Trellis further relaxes those assumptions: it uses the real cabac costs, including the effect of other coefficients in the DCT block.

(not implemented in x264 yet):
Lookahead-deadzone, instead of improving the estimate of bitcost, expands the scope of the optimization. Conventional RD considers the rate+distortion of a single macroblock at at a time, holding all others constant. Lookahead directly includes the effect of quantization decisions on both the rate and distortion of future inter-blocks and neighboring intra-blocks.
Lookahead-trellis is theoretically possible, but might be computationally infeasible.

----------

Most literature assumes the distribution of coef magnitudes is i.i.d. Laplacian. This is a decent approximation, but not exact.
If the entropy coder actually obeyed the Laplacian distribution, then uniform-deadzone would be optimal. But the MPEG-1/2/4 residual coders differ from Laplacian in 2 ways:
1) They use VLC. So each token must take up a whole number of bits. For some coefs, rounding up or down gives the same bit size, so you should round to nearest. For other coefs, rounding down saves a whole 1 or 2 bits, so you should round with more bias than deadzone would.
2) They use run-level coding. So it's sometimes worth zeroing a coef in order to merge two zero runs. Or other dependencies between the cost of coding a given magnitude and the number of adjacent zeros.
These have been exploited in [1].

H.264 CAVLC is similar, though more complicated. It shouldn't affect the potential gain of trellis, but will make it much harder to implement. (Maybe exponential time... but on small blocks, even an exponential can still be computationally tractable).

H.264 CABAC differs from Laplacian in other ways:
-1) It does not require whole numbers of bits.
-2) It does not use run-level coding; since cabac doesn't have VLC's minimum bit cost per token, each coef can have its own significance flag. So you don't directly gain anything by merging runs.
3) If the local distribution of coefs does not match the global Laplacian, or if the average value varies locally, cabac adapts. This could also be handled by adaptive deadzone, though JVT-N011 has a different method than trellis: N011 sets the deadzone based on current (pre-quantization) coef distribution and assumes that cabac will adjust the bit costs to match; trellis sets effective deadzone based directly on current cabac bit costs.
4) The cost of coding a given nonzero coef depends on the number and magnitude of previous nonzero coefs in the block.

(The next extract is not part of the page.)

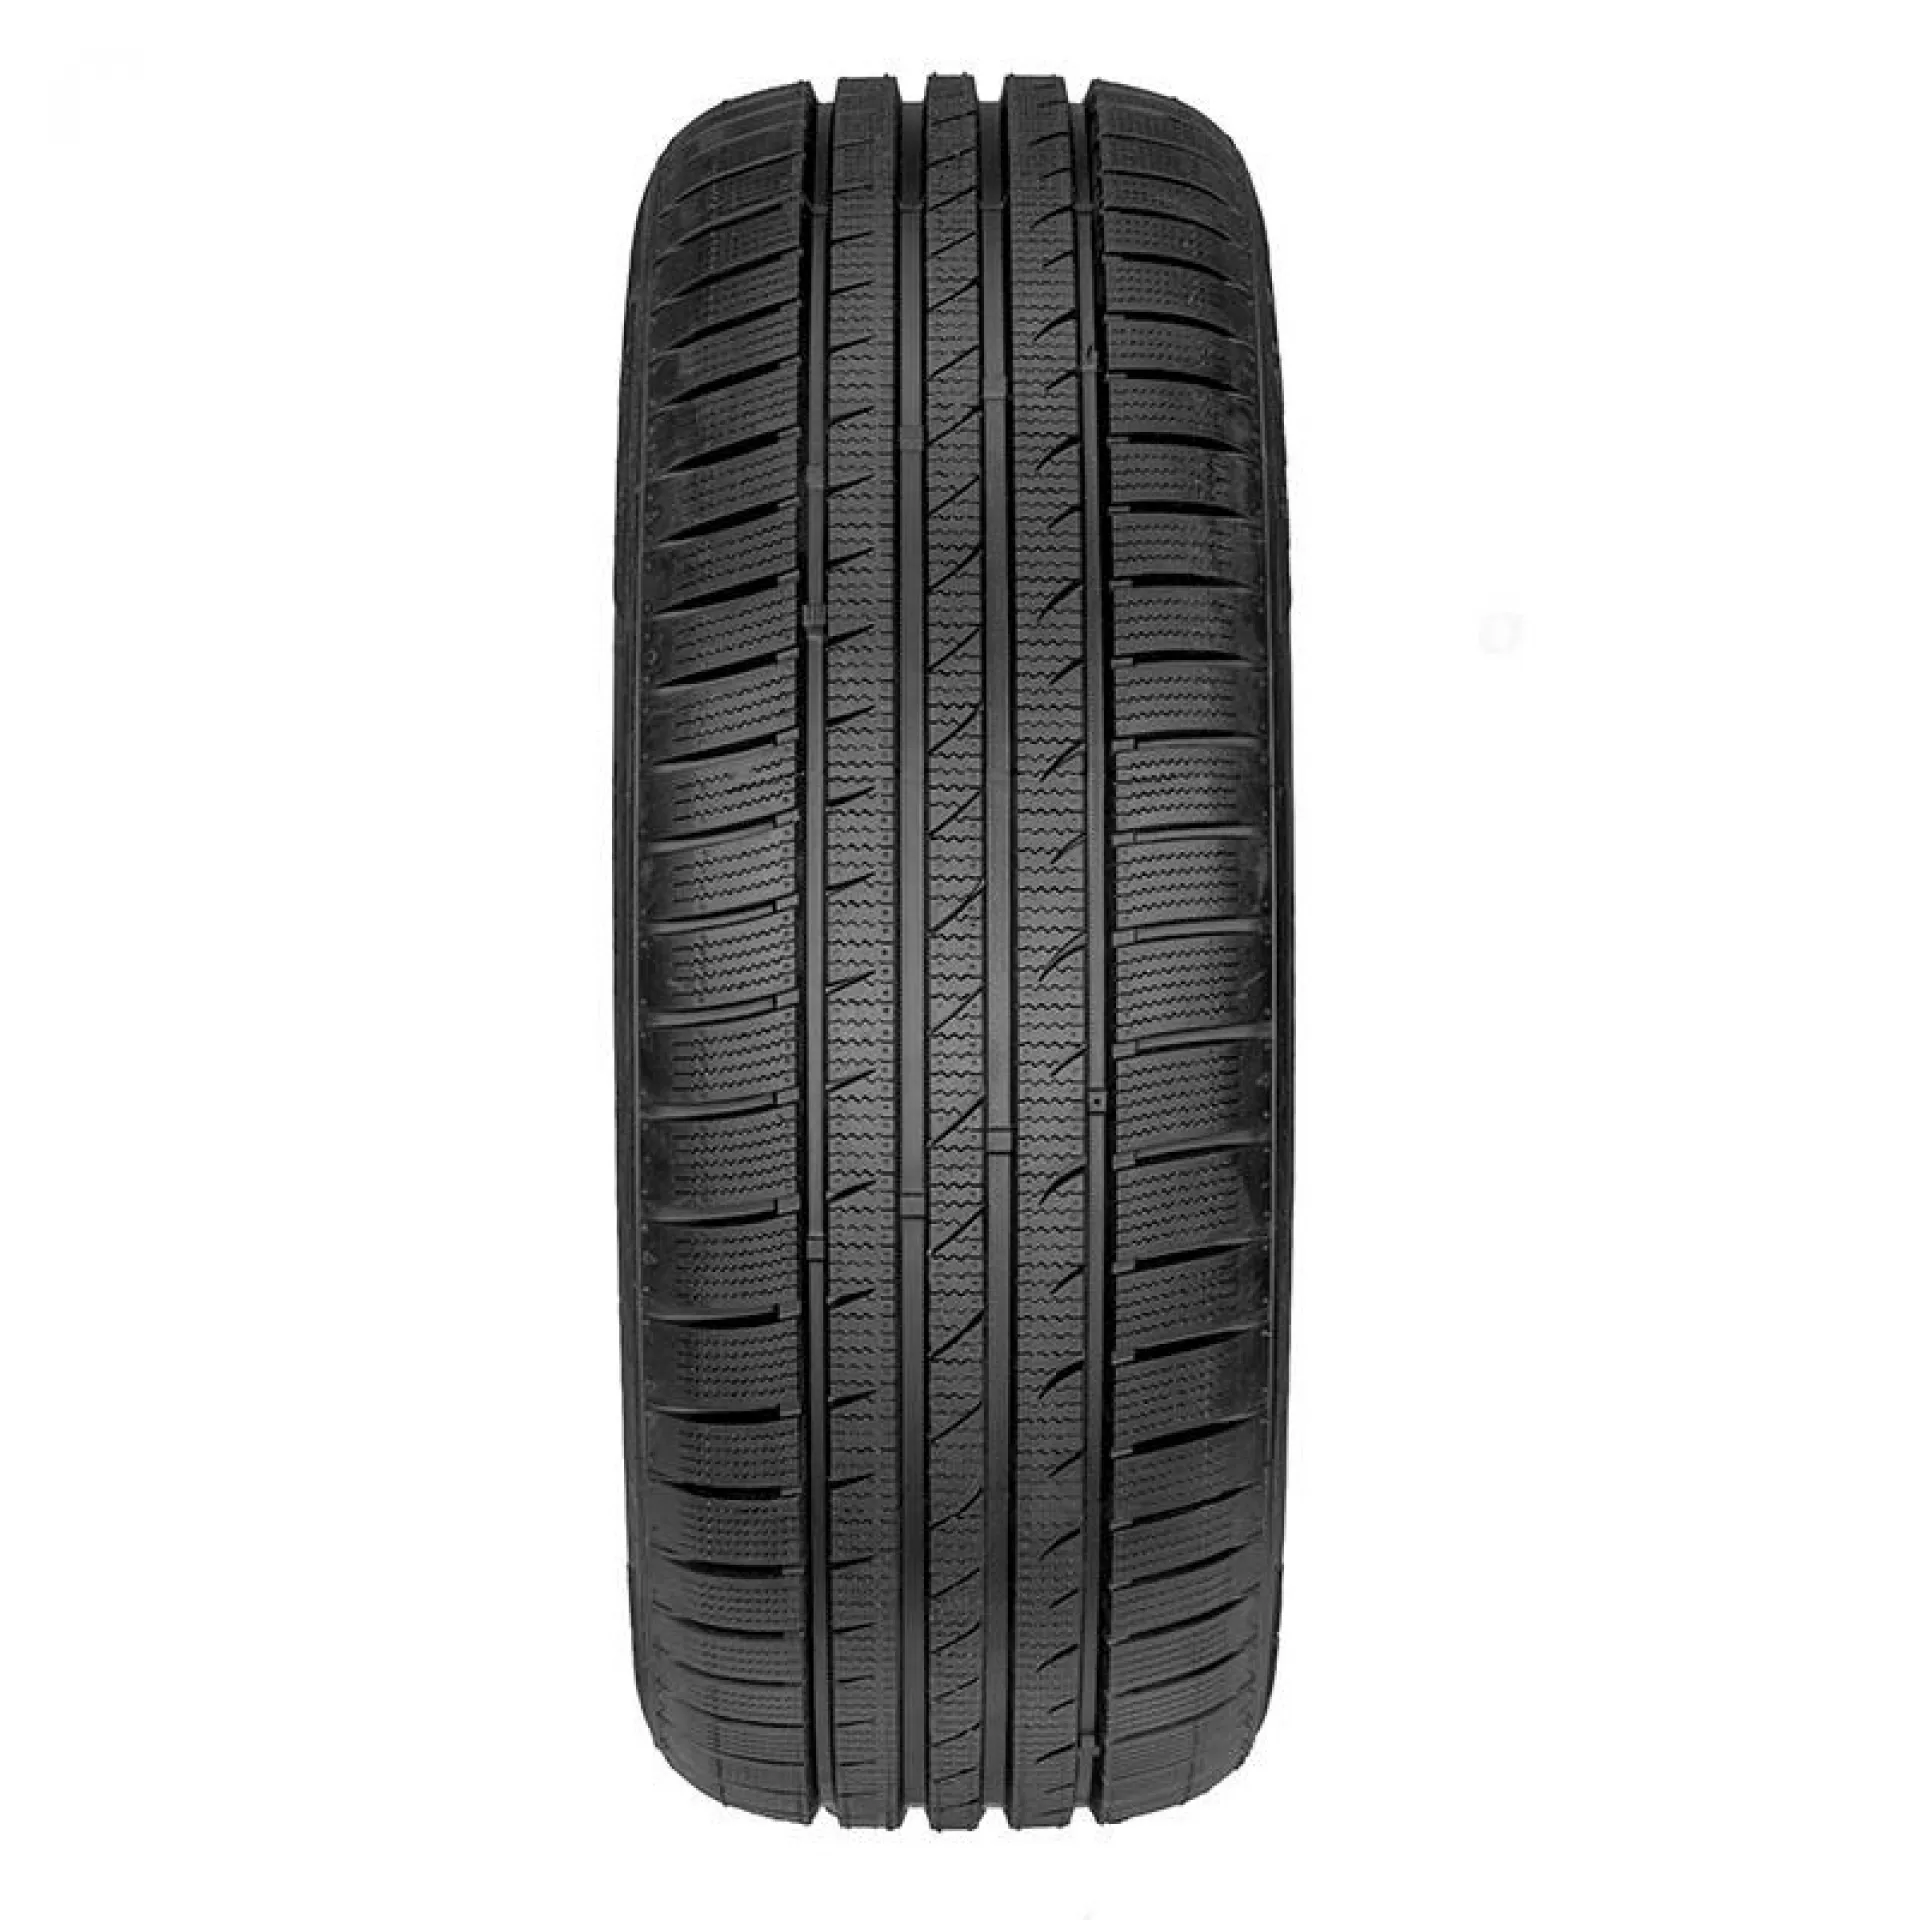 Fortuna Gowin UHP2 245/40R19 98V XL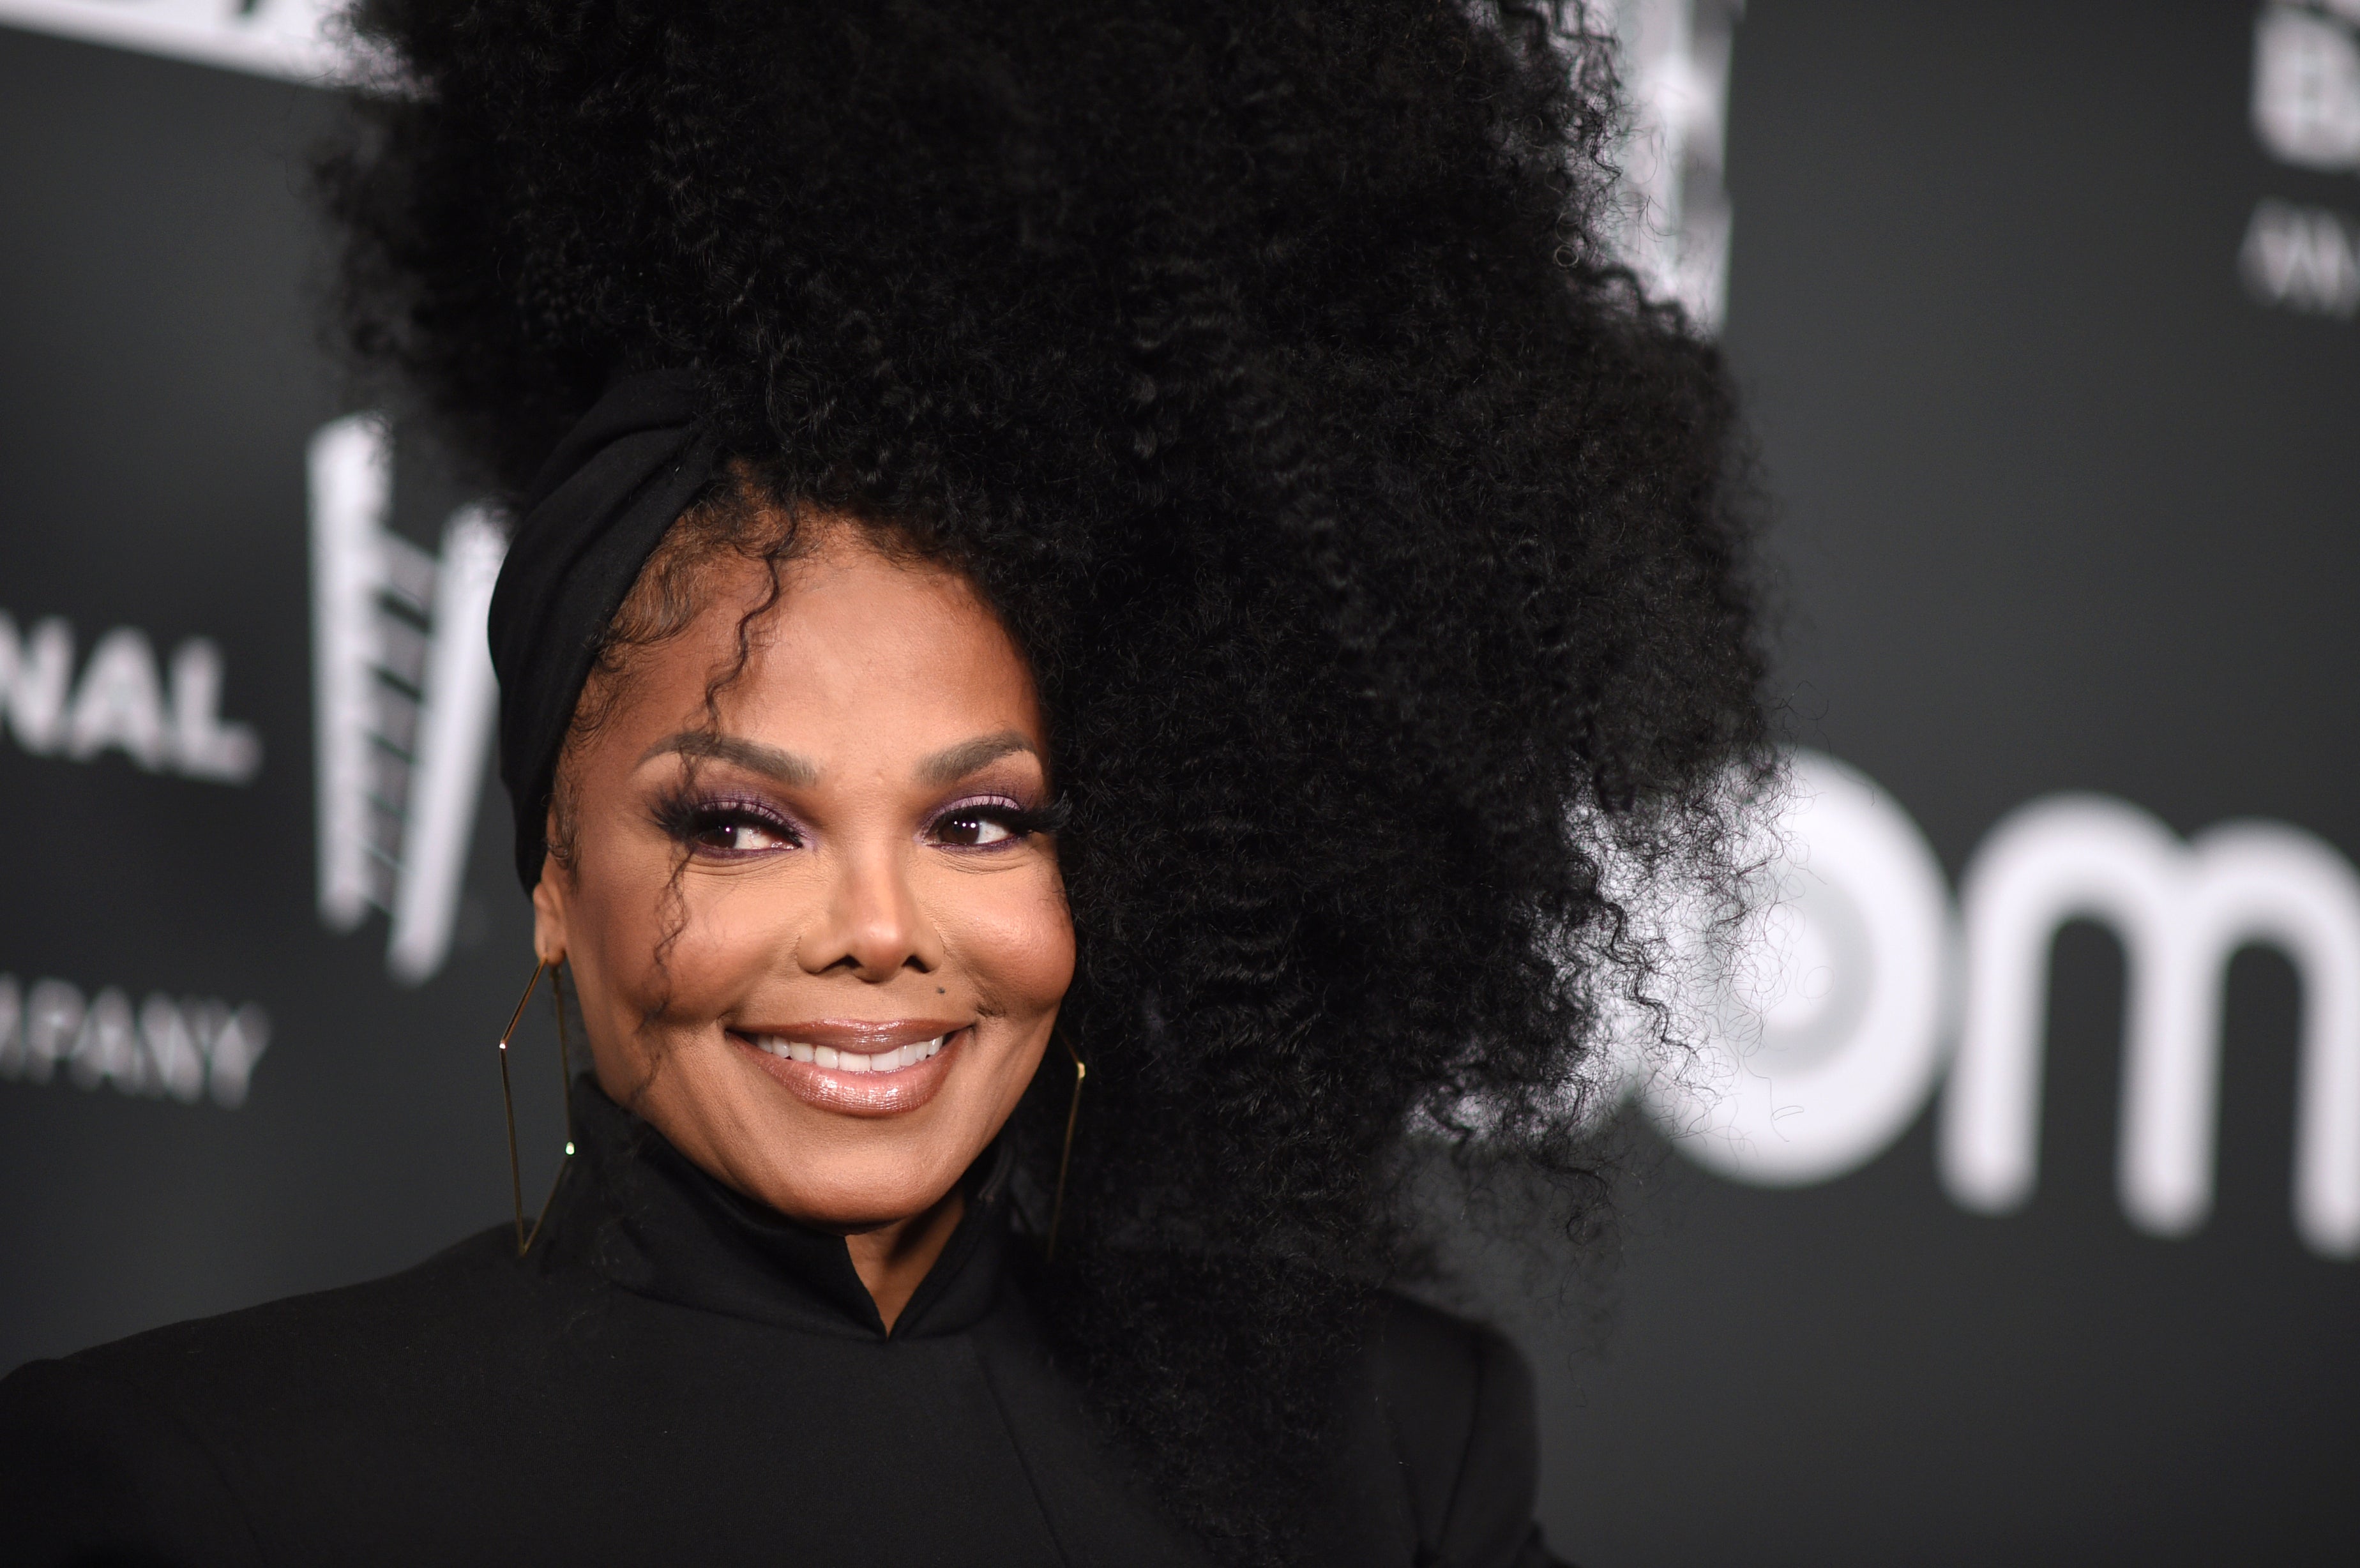 Hawks playoff win pushes Janet Jackson concert back 1 day | The Independent

So, MPEG-* trellis keeps a candidate encoding for each possible run length (magnitude can be decided once, no need to keep multiple versions.)
H.264 trellis keeps a candidate encoding for each possible combination of cabac context numbers (point 4). Point 3 is impossible to globally optimize over: there are way too many possible states, so probably the best we can do is a greedy search.

----------

Goal: given a 4x4 or 8x8 block of DCT coefficients, and the initial cabac context they will be encoded under, select quantized values for each coefficient so as to minimize the total rate-distortion cost.

Algorithm:
Viterbi search / Dijkstra shortest path (with some simplifications due to the regularity of the graph).
The states to search over are (dct_index,cabac_context,level).
This is implemented as a dynamic program, where any two states of the same (dct_index,cabac_context) are considered the same, and only the one with the best score is kept. The states are evaluated in decreasing order of dct_index, so the size of the search frontier is bounded by the number of different values of cabac_context (which is 8).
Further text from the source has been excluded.